AU mediation efforts have had a mixed record of success in recent years, and in Ethiopia the organization faced the particular challenge of mediating a civil war in its own host country (the AU is headquartered in Addis Ababa.) As Zekarias Beshah Abebe noted in September, the Ethiopian government had consistently pushed for the AU to take the lead:
The federal government of Ethiopia has expressed its firm stand that any peace initiative should be within the AU framework anchored on the ‘African solutions to African problems’. TPLF were reluctant but has now accepted the AU’s mediation role of the peace process. The AU has also asserted its leadership role in the peace talks claiming the AU-led mediation process as the ‘only viable and effective approach’ towards finding a lasting solution to the situation in Ethiopia.
For the moment at least, it seems that reliance on the AU has paid dividends. Its apparent success stands in contrast to the recent record of another regional organization: ASEAN thus far has had little to show for its efforts to mediate the crisis in Myanmar.
Briefly Noted:
The president of the International Court of Justice, Judge Joan Donoghue, presented the institution’s annual report to the UN General Assembly. She described an unusually busy year for the court, which issued four judgements and fifteen orders.
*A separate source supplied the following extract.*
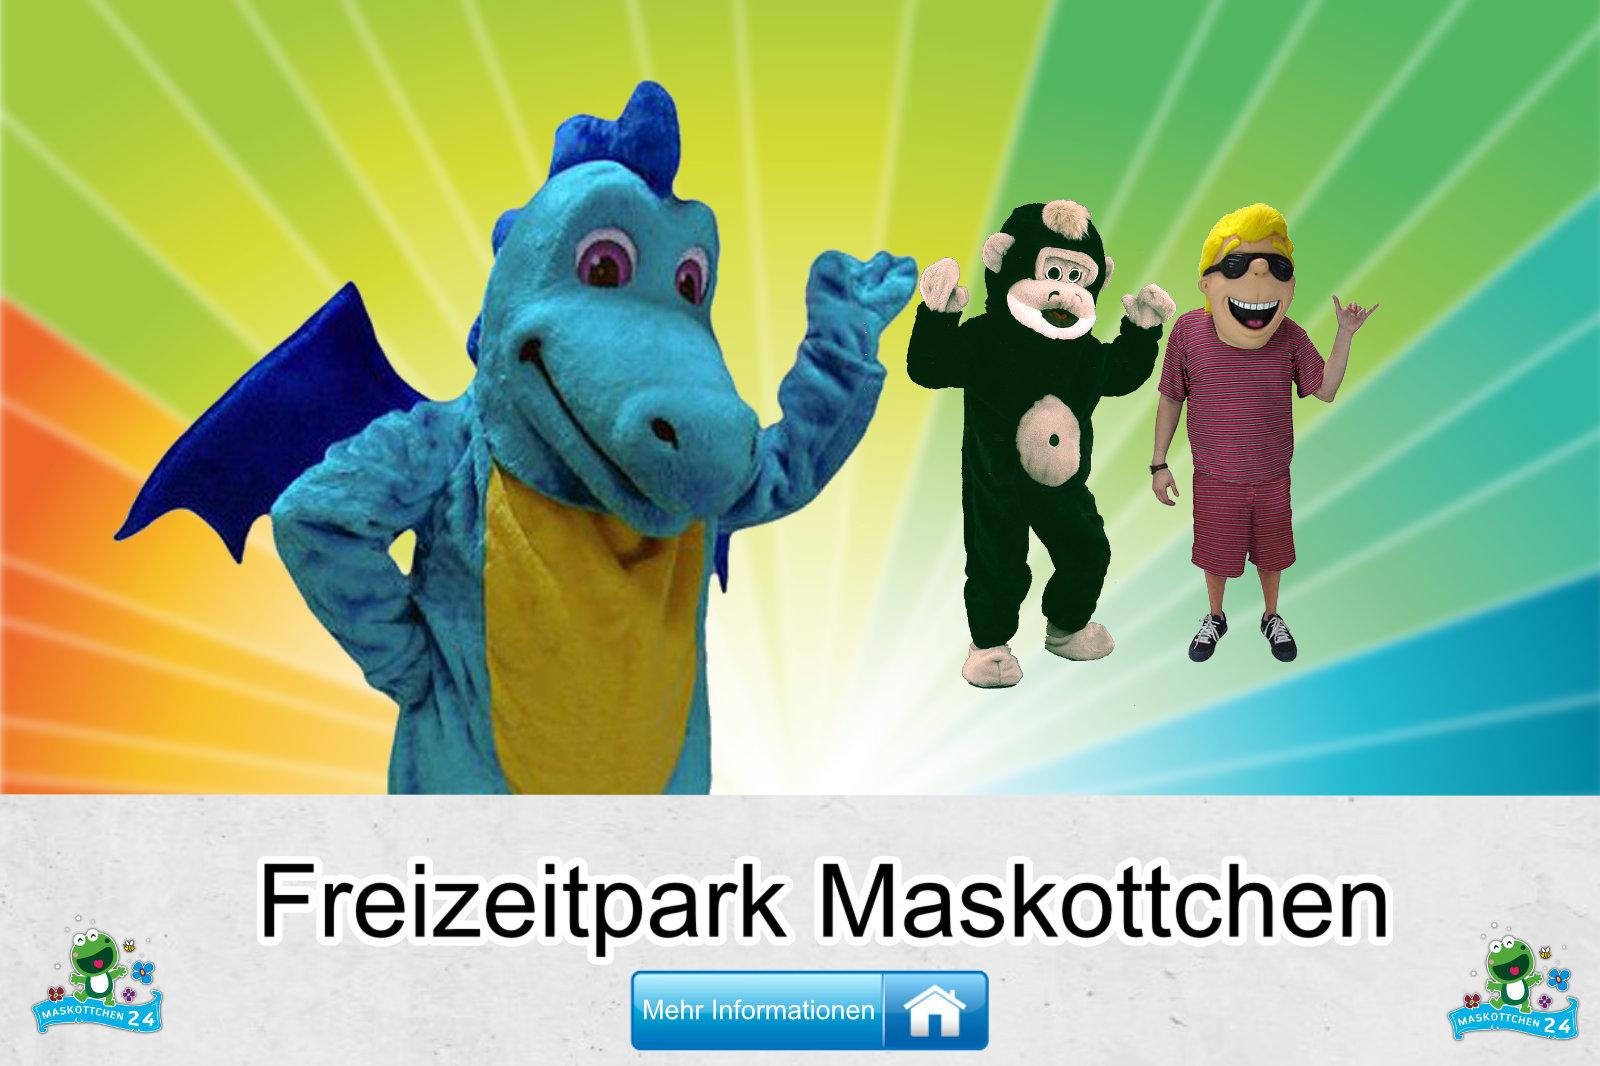 Kostüm Maskottchen Günstig-Kaufen Produktion Freizeitpark

The International Atomic Energy Agency found no evidence of a “dirty bomb” at Ukrainian nuclear sites. Russian officials had alleged that Ukraine was planning to detonate radioactive material, and Ukraine’s government invited IAEA teams to investigate those charges.
Russia reportedly wants the Shanghai Cooperation Organization to create a joint payments system that would break dependency on the West.
South Africa secured a major World Bank loan to help transition from coal to renewable energy sources.
The Diplomat examines whether the European Union and Indonesia can finally cement a trade deal.
It appears unlikely that Turkey will give its consent for Finland and Sweden to join NATO this year.
UN Security Council members received an informal “Arria formula” briefing on the human rights situation in Iran.
Over at Lawfare, I offered some thoughts on the state of the ICC’s Ukraine investigation.
Notable New Writing and Research:
In the latest issue of International Organization, Tom Long and Carsten-Andreas Schulz examine Latin America’s historical role in developing multi-purpose international organizations.
In the new Journal of European Integration, Charles Roger considers how informal and formal international organizations interact.
UCLA scholar Kal Raustiala has published a new biography of UN diplomat Ralph Bunche.